The Dong with a Luminous Noise Literary Elements

The Dong with a Luminous Noise Literary Elements

Speaker or Narrator, and Point of View

The omniscient third-person narrator exists outside the action.

Form and Meter

Formless free verse with no regular meter.

Metaphors and Similes

The poem opens with metaphorical language situating: "When awful darkness and silence reign."

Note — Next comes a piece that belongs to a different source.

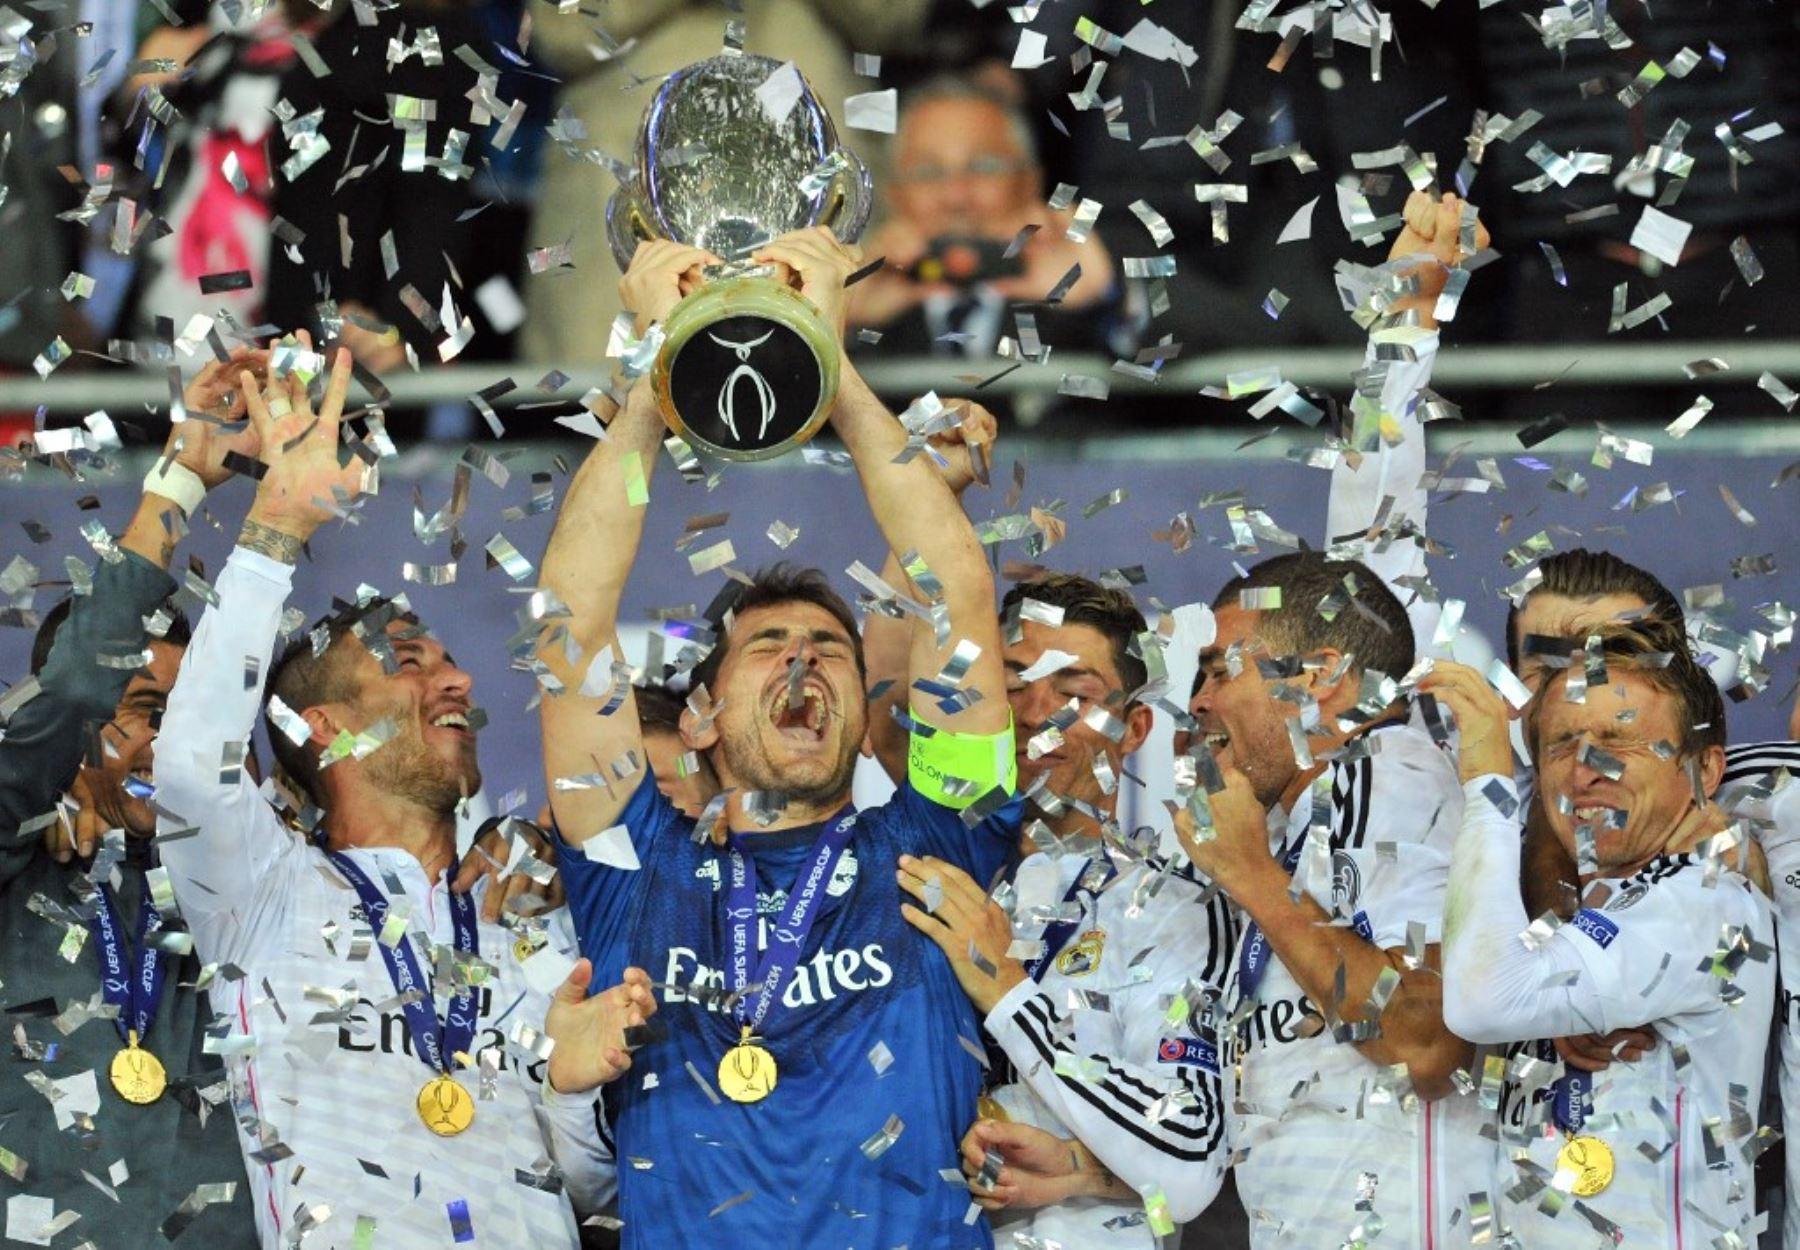 El portero del Real Madrid, Iker Casillas, levanta el trofeo mientras los jugadores del Real Madrid celebran después del partido de fútbol de la Supercopa de la UEFA entre el Real Madrid y el Sevilla. Foto: AFP

Alliteration and Assonance

The second line introduces alliteration to highlight the wondrous quality of the fictional setting: "Over the great Gromboolian plain,"

Irony

n/a

Genre

Nonsense Poetry/Narrative Poetry

Setting

The poem is set within a somewhat detailed fictional world on the "Gromboolian plain."

Tone

Lighthearted yet melancholic.

Protagonist and Antagonist

Protagonist: The Dong. Antagonist: The Jumbly Girl.

Major Conflict

The narrative tells the story of the consequences of the conflict at the heart of the tale: the Dong has fallen in love with the Jumbly Girl who has broken his heart by leaving the Gromboolian Plain with her seafaring people.

Climax

The story climaxes with the Jumbly Girl leaving the Dong behind to become completely brokenhearted and spend all his days looking for her.

Foreshadowing

The explanation for and description of the Dong's luminous nose is foreshadowed at the beginning of the second stanza: "Then, through the vast and gloomy dark, / There moves what seems a fiery spark,"

Understatement

The poem is an exploration of the devastating long-term effects of a broken heart, but this idea is introduced in an understated manner: "Long years ago / The Dong was happy and gay, / Till he fell in love with a Jumbly Girl."

Allusions

n/a

Metonymy and Synecdoche

In "And those who watch at that midnight hour / From Hall or Terrace, or lofty Tower" the Hall, Terrace, and Tower are metonymic references to the entire population of the Gromboolian plain.

Personification

"When the angry breakers roar" is an example of personification by endowing the waves with human emotions.

Hyperbole

Hyperbolic overstatement is used in the phrase "all night he goes" to describe the obsessive quality of the Dong's heartbroken search for Jumbly Girl.